Assuming the above approach as a sincere realization of the current policy makers and more importantly the powerful influencers of those policies, the key question that comes up is: In which direction would India now chart its course to address this critical issue?

One may possibly hazard a guess on the shape of the future policies to come in India from the BJP party President Amit Shah’s recent address to crème de la crème of Mumbai businessmen in a function organized by a business news channel. In this event Mr. Shah reportedly said to them that the BJP does not agree with their definition of “reforms” and will strive to build a welfare state.

Will this approach of the new political dispensation get reflected in the forthcoming union budget as well, to effectively translate the new National Health Policy of India into reality, at least this time?

I deliberated on the National Health Policy of India in my Blog Post of January 12, 2015, titled “India’s National Health Policy 2015 Needs Wings To Fly

That said, if it really so happens, a strong signal would go to all stakeholders that India is now well poised to chart on an uncharted frontier to significantly reduce the impact of inequality, particularly in the space of healthcare.

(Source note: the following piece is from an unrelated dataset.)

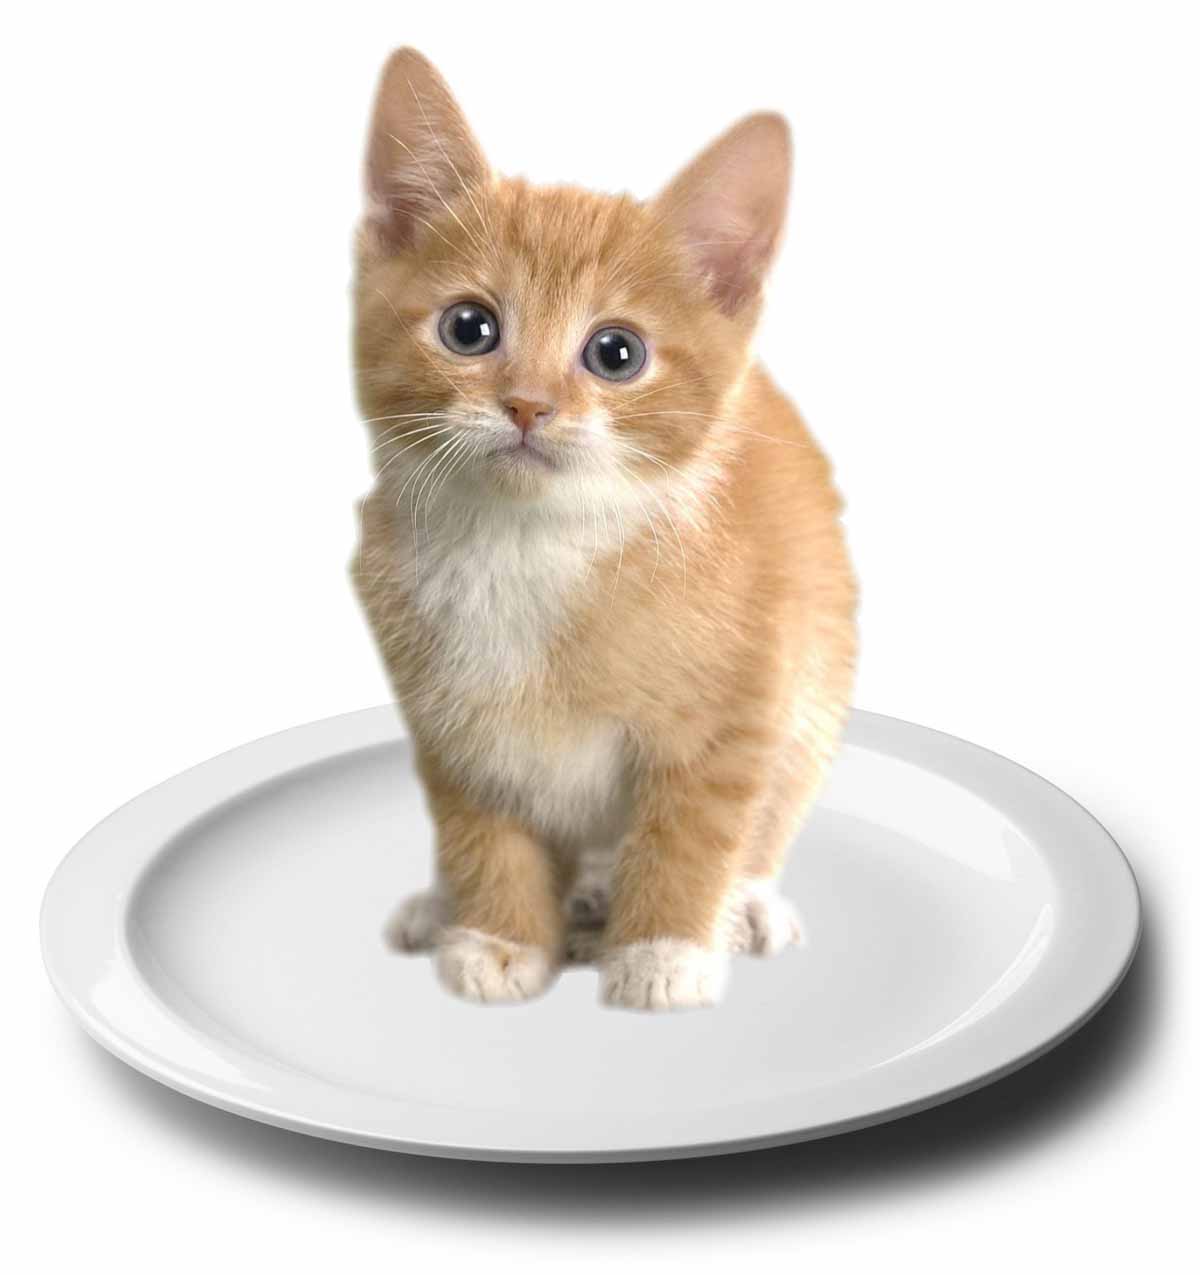 1 cat 1 dish

In that process, despite the highest billionaire wealth concentration, India would set a pragmatic course to place itself at the top of the healthcare chart, not just in South Asia, but probably also within the BRIC countries, to expect the least.

By: Tapan J. Ray

Disclaimer: The views/opinions expressed in this article are entirely my own, written in my individual and personal capacity. I do not represent any other person or organization for this opinion.